EpiPen Drama Draws Option Bears to Mylan NV (MYL)

U.S. senators are targeting Mylan NV (NASDAQ:MYL) after a sharp increase in the price of its EpiPen

by Josh Selway

Published on Aug 23, 2016 at 11:10 AM

Drugmaker Mylan NV (NASDAQ:MYL) is sinking today, as the company's EpiPen comes under fire from U.S. senators. More specifically, lawmakers are asking Mylan to explain a sharp increase in the product's price in recent years -- making it the latest biotech to be accused of price-gouging. Senate members have also made a request for the Federal Trade Commission (FTC) to investigate whether the drug company took steps to prevent competition in the market. Meanwhile, MYL stock is down 3.8% at $46.10, and options volume is soaring

At last check, MYL options volume is running in the 95th percentile of its annual range. Puts and calls are running neck and neck, trading at three times the expected intraday pace. Receiving notable attention are the October 45 and 47.50 puts. If traders are opening long positions here, they're betting on extended losses from MYL over the next two months. 
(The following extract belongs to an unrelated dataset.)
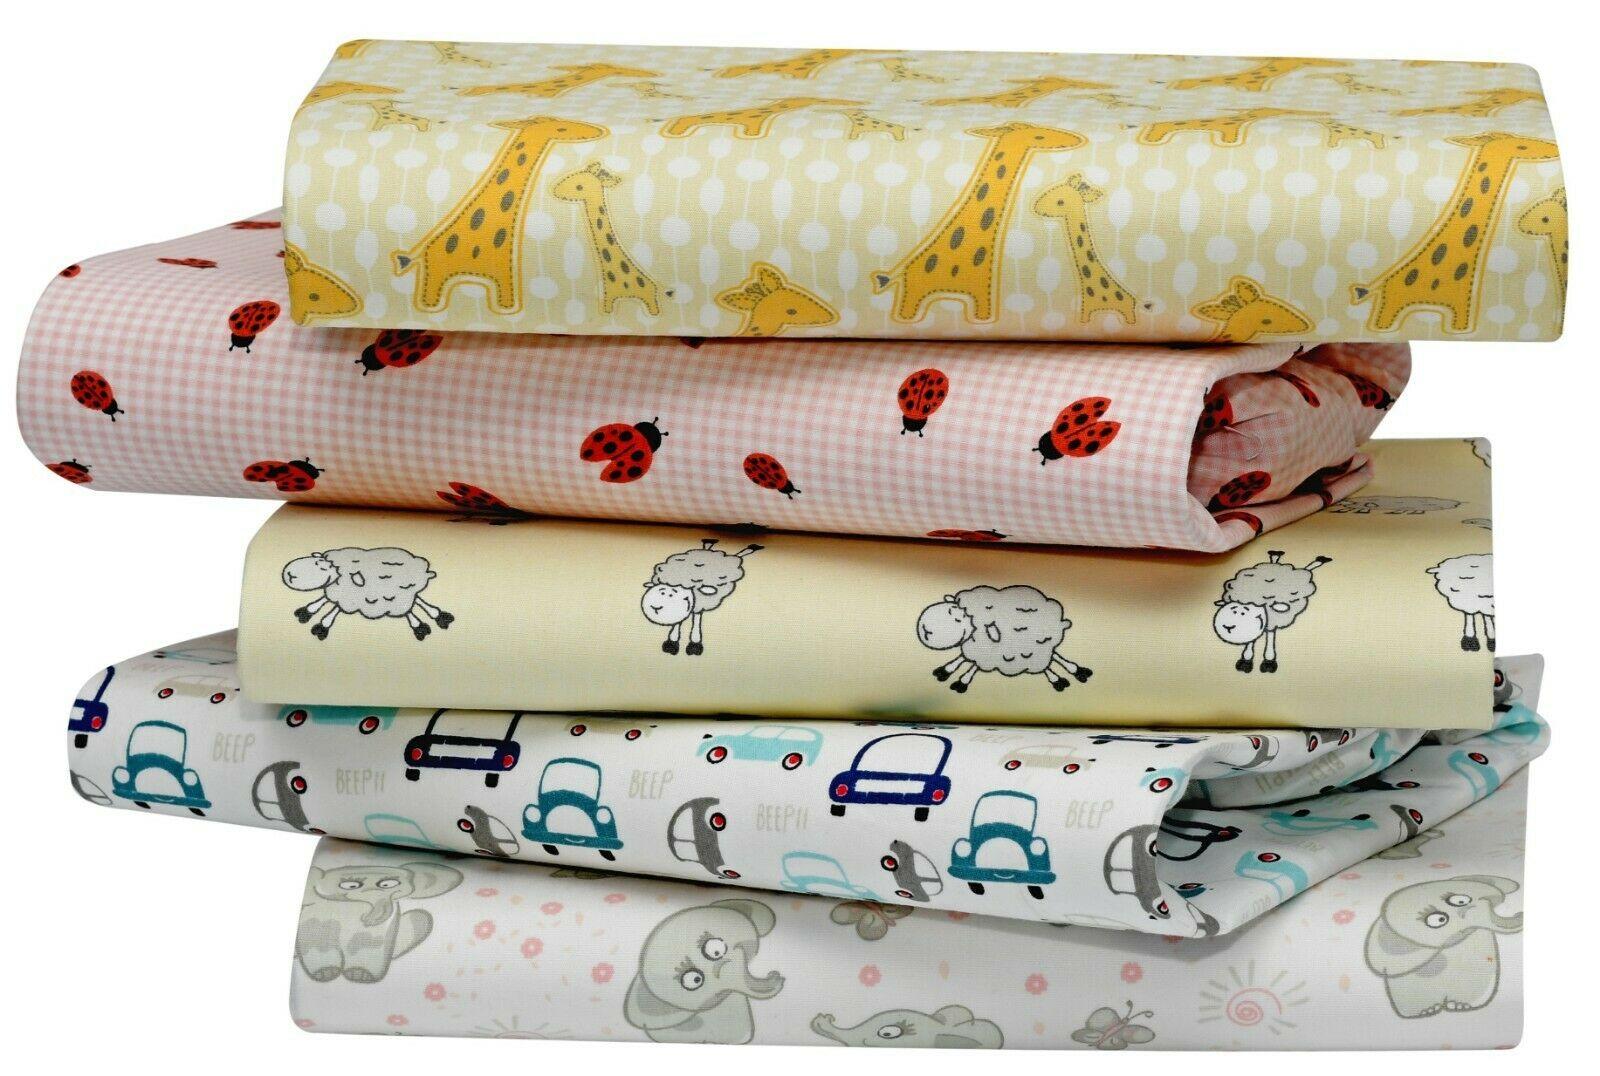 Giraffe Cuddles /& Cribs 1 Pack GOTS Certified Organic Cotton Fitted Crib

More broadly speaking, calls have been preferred over puts in MYL's options pits. Over the past two weeks at the International Securities Exchange (ISE), Chicago Board Options Exchange (CBOE), and NASDAQ OMX PHLX (PHLX), call buying has outpaced put buying at a rate that tops roughly two-thirds of comparable readings from the past year. What's more, MYL's Schaeffer's put/call open interest ratio (SOIR) of 0.69 ranks in the 23rd annual percentile, meaning open interest in the front three-months' series of options is unusually call-skewed. 

Luckily, for anyone buying MYL's short-term options, premium is relatively muted at the moment. This is evidenced by the stock's Schaeffer's Volatility Index (SVI) of 33%, which ranks in the low 14th percentile of its annual range. Supporting this is MYL's 30-day at-the-money (ATM) implied volatility (IV) of 33.7%, which is just 9 percentage points from an annual low. In short, it appears the options market is pricing in relatively low volatility expectations at the moment.

Meanwhile, short interest is elevated on MYL. At the stock's average daily trading pace, it would take short sellers at least eight days to buy back the roughly 29 million shares sold short. Of course, this also means some of the recent call players may have been short sellers hedging their positions

Looking at Mylan NV's (NASDAQ:MYL) chart, the shares have struggled in 2016. Although the stock is well off its year-to-date lows, it remains 14.7% lower since the start of the year. Going forward, MYL's 100-day moving average -- which currently sits near the $45 level -- may be worth tracking, as this trendline has served as both support and resistance in the past year.